(Stored data entries)
- - -

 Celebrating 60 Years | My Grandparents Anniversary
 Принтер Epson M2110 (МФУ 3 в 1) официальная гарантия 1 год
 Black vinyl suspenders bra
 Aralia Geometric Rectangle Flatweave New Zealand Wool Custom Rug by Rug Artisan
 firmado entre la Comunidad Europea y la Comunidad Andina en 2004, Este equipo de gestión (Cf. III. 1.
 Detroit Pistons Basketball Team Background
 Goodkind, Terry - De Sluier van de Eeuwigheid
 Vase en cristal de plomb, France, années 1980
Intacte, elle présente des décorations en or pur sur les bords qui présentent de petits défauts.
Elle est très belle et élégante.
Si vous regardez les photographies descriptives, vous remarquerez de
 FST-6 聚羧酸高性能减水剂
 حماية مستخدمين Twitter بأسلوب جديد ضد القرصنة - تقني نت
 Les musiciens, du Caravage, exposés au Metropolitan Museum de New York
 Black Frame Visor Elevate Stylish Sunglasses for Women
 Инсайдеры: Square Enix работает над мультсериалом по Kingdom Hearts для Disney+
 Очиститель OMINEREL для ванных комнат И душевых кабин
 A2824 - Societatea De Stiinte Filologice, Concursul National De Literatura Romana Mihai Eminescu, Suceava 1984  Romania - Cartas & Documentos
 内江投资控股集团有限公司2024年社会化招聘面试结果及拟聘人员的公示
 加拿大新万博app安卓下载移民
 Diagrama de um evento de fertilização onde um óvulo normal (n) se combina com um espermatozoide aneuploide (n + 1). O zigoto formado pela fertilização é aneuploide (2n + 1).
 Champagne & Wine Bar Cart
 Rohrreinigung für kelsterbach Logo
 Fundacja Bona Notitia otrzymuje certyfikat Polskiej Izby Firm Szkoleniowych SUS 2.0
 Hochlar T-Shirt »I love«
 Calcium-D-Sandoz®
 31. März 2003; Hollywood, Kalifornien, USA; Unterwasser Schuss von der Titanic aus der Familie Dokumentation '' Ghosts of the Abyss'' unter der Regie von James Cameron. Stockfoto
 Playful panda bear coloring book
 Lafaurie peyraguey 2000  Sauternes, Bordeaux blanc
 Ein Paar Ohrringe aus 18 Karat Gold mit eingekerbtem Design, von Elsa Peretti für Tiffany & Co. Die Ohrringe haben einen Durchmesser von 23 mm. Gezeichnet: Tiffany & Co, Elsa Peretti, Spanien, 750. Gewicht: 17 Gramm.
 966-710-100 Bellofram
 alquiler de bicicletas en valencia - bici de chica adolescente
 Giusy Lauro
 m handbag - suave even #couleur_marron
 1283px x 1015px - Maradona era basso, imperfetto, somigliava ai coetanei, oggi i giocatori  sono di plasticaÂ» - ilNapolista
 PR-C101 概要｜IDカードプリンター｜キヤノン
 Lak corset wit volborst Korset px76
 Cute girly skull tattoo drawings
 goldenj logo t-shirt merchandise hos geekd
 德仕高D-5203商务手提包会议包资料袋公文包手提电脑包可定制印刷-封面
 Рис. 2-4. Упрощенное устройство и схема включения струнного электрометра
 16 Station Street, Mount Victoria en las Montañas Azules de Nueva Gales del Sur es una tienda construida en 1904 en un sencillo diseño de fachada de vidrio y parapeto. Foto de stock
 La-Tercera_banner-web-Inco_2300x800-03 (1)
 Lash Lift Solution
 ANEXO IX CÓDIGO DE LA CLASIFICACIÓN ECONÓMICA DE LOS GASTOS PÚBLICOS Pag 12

- - -

Task directions.
Please output the exact lines of the records above, beginning with the first and stopping after the line that holds "firmado entre la", and nothing else.

Result for this exercise.
 Celebrating 60 Years | My Grandparents Anniversary
 Принтер Epson M2110 (МФУ 3 в 1) официальная гарантия 1 год
 Black vinyl suspenders bra
 Aralia Geometric Rectangle Flatweave New Zealand Wool Custom Rug by Rug Artisan
 firmado entre la Comunidad Europea y la Comunidad Andina en 2004, Este equipo de gestión (Cf. III. 1.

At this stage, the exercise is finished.